About Herri Ondarea

Popular heritage, oral heritage, cultural heritage and intangible heritage: these are all ways of describing what is, essentially, the same thing. Today researchers and politicians agree on the need to conserve and value that heritage. And here, we understand the concept of heritage in the broadest, most complete sense of the term: this includes, among other things,ethnographic heritage, which covers daily life, crafts, customs, games, rites and activities associated with the seasons of the year and the holiday and festive calendar, the lexical heritage of words, sayings and proverbs and the ethno-linguistic heritage of songs, stories and verses. In the end we are talking about an intangible, invisible heritage that, until a few decades ago, was handed down from generation to generation by word of mouth.

Recently, however, the old ways of life have been radically transformed: society's customs have changed, technological innovation and progress have altered habits and led to people relating to each other in entirely new ways. Enormous changes have occurred in a very short time, and the life we understand as traditional has all but disappeared. Sadly, the oral and natural transmission of heritage between generations has been interrupted.
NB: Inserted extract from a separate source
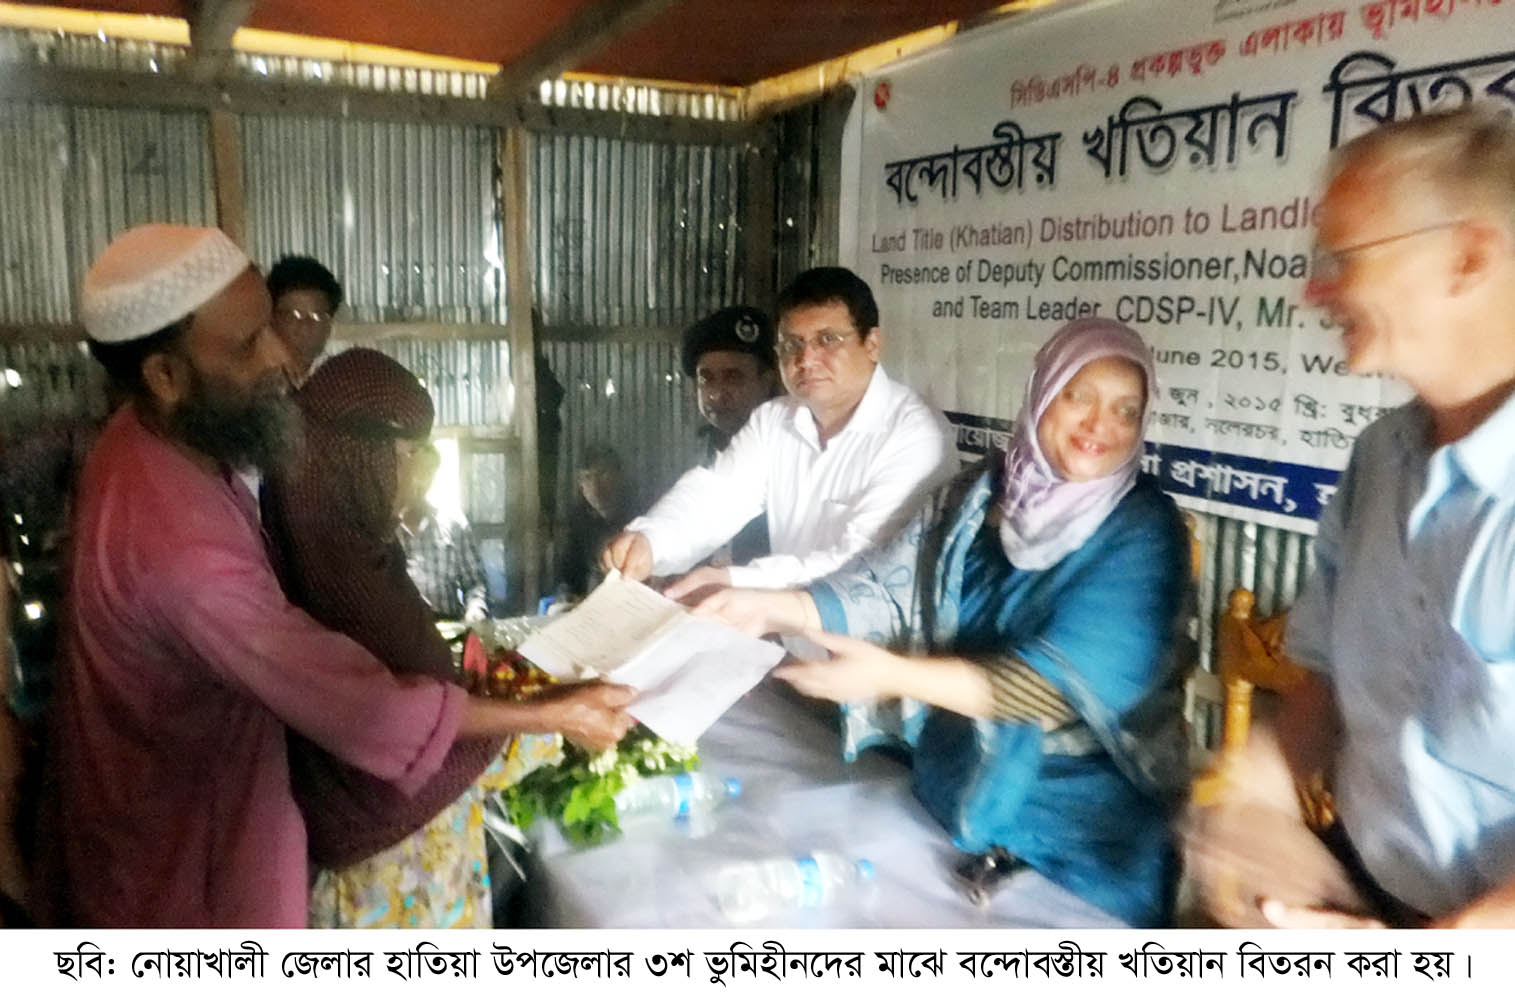 Noakhali CDSP News 17-06-2015 (1) Images

So now there is a pressing need to systematically compile and preserve this heritage, using the right methodology, to record it from the lips of people who still remember and who have known a way of life that is fast fading away. Not forgetting today's witness accounts, which will themselves soon enough become the past. This is why for several decades now the Instituto Labayru has been doing precisely that. Research into field work, meaning oral, written and audiovisual accounts, will help us to achieve our main goal: to gather in popular culture and wisdom, examine it, put it into the right format and pass it on to posterity. That way we will ensure that this heritage lasts and that future generations will know and possess as much as possible of a culture that once belonged naturally to past generations.